От этих слов я сразу повеселел, поднял голову ближе к птицам, а мать вздохнула:
— Теперь и мы, и воробьи имеем одно жилье. — Дале она грустно посмотрела на щели между бревнами и украдкой попросила ветры, чтобы они не собирались в нашем жилище, не простудили ни меня, ни отца.
О себе мать не вспомнила, и сколько я ее знаю, она меньше всего беспокоилась о себе и обращалась к тайным силам лишь тогда, когда уж очень въедался в тело или косточки какой–то недуг. Тогда мать говорила ему: «Отойди, болезнь, в трущобу, в болота, в безвестность, потому что мне надо дело делать».
Как она любила работать и в огороде, и в поле, и на лугу, и в лесу и тихо радоваться сделанному! Мать, как праздника, дожидалась посадку, косовицы, жатвы; она любила, чтобы снопы были хорошими, как дети, а полукопны стояли, как парни, — плечо в плечо. И очень любила в жатву после работы лечь на телегу и смотреть на звезды, на Млечный Путь, на Стожары и на тот Воз, что родился из девичьих слезинок.
— Как хорошо в тихом мире, аж слышно, как земля дышит, — вздыхая, говорила сама себе.
— А может, то наша лошадь дышит? — подсмеивался отец, который не раз удивлялся маминым словам.
— Эт, что ты смыслишь, — рукой отметала насмешку и уже прислушивалась к перепелке, которая, испугавшись серпа, перебиралась с детьми в ярину[4].

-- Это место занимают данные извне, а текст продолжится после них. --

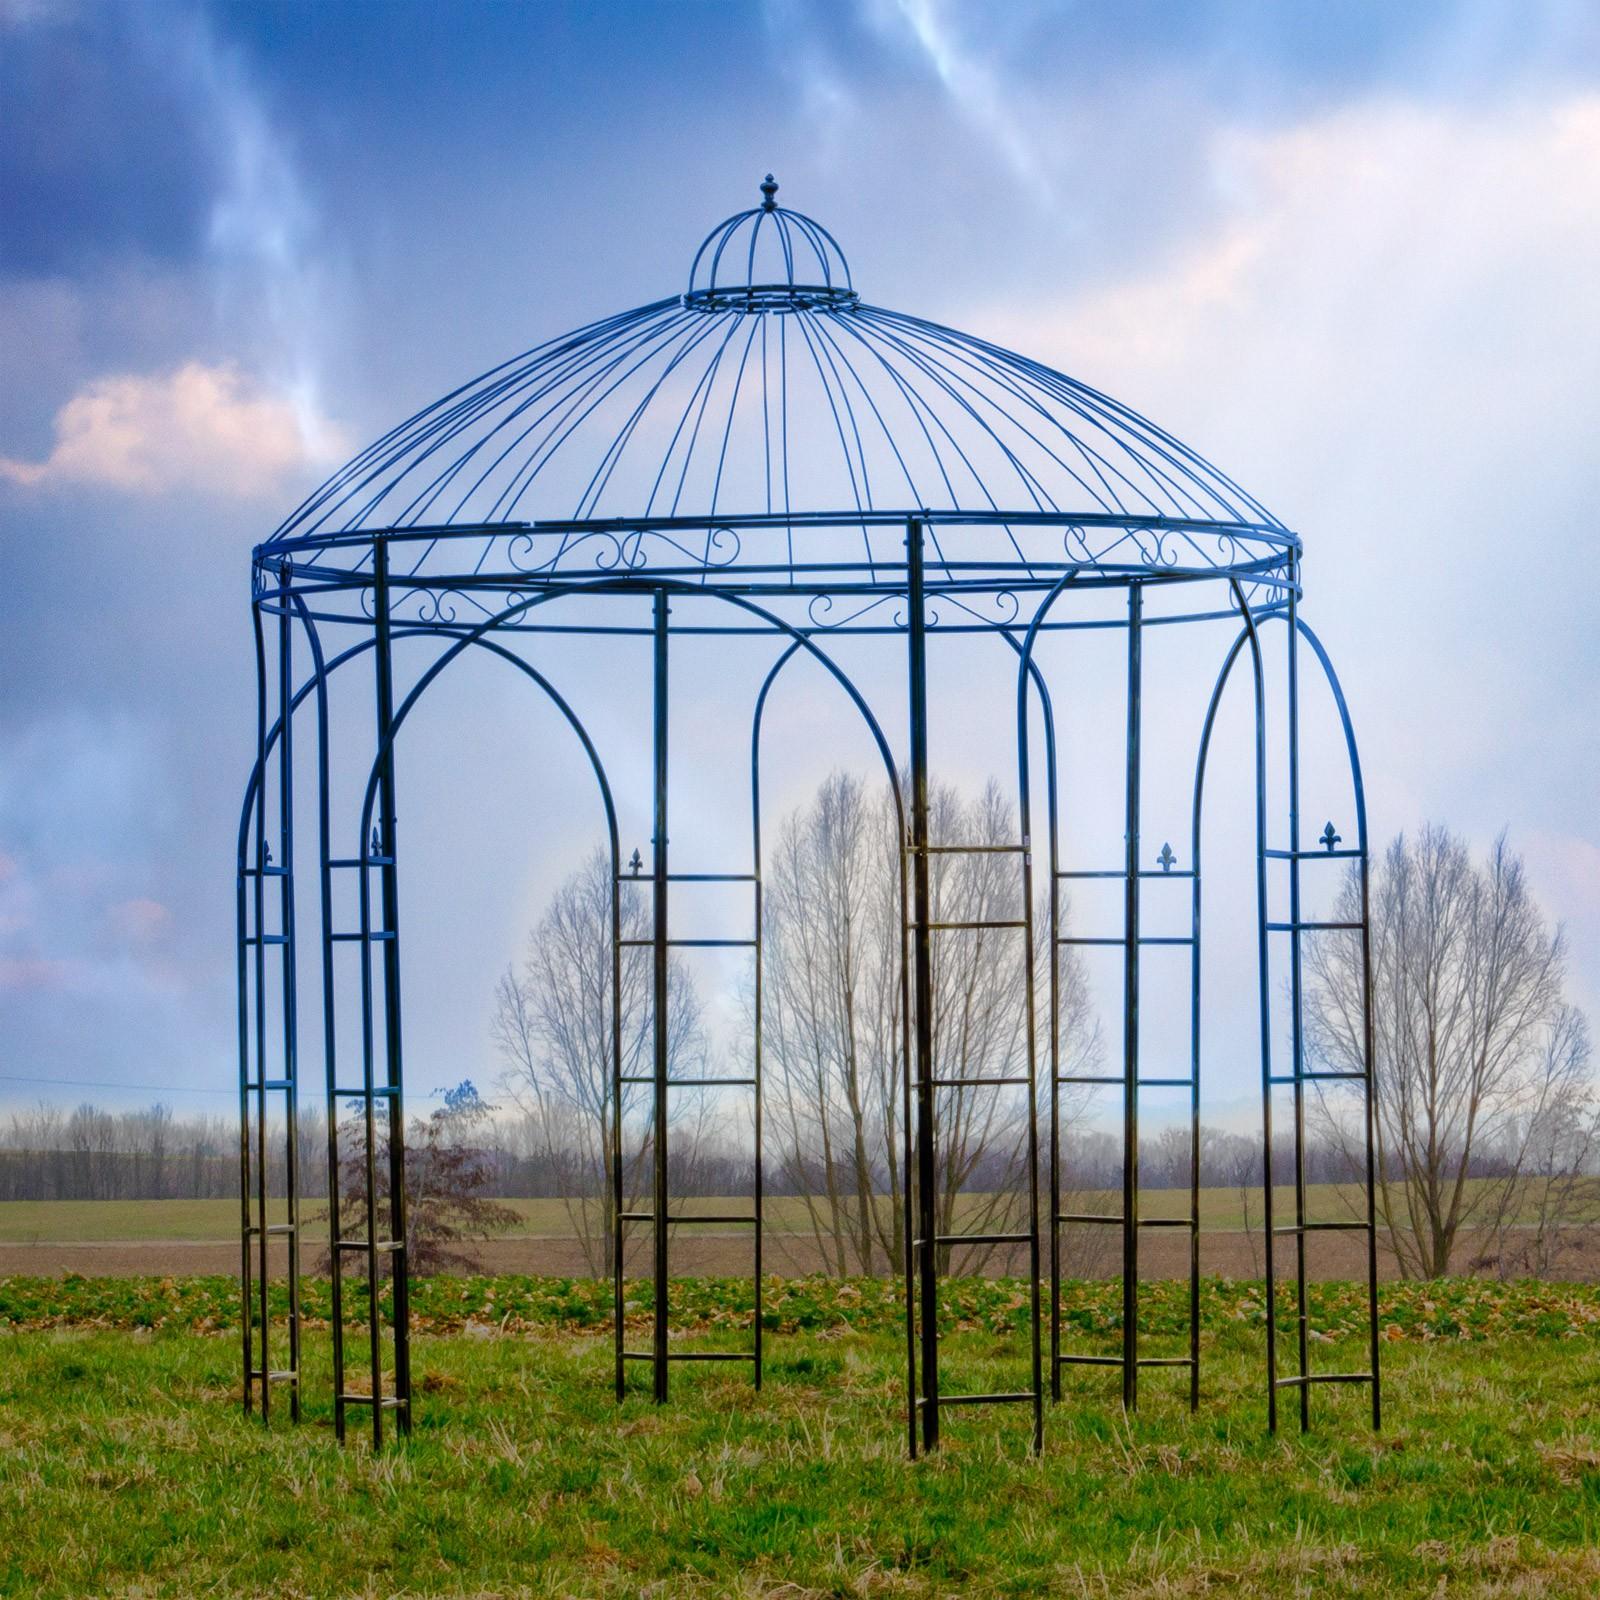 Full Size of Gartenpavillon Metall Garten Pavillon Exclusiv Deko Regale Regal Weiß Bett Wohnzimmer Gartenpavillon Metall

— И как ты все слышишь? — удивлялся отец.
— Это, наверное, любовь моя слышит, — иногда в задумчивости говорила она и снова прислушивалась к небу, к земле, к крыльям и к всхлипыванию росы.
Этого внимания ко всему доброму, красивому выделила мать и мне. И я тоже, как праздника, жду того дня, когда гром размораживает сок в деревьях или когда не зельем, а хлебом начинает пахнуть рожь. И как досадно бывает, что такую любовь кое–кто считает пережитком или сантиментами.
Я поныне уверен, что холодный глаз обедняет и мир, и душу даже очень умным людям…
Едва мать закончила разговор с ветрами, как у ворот недовольно подала голос утка, а от ворот кто–то зашипел, цыкнул на нее. Отец изумленно глянул на мать.
— Не тот ли плетется, что засаливаться начал?
— Помолчи! — подняла руку мать. — Еще, гляди, услышит.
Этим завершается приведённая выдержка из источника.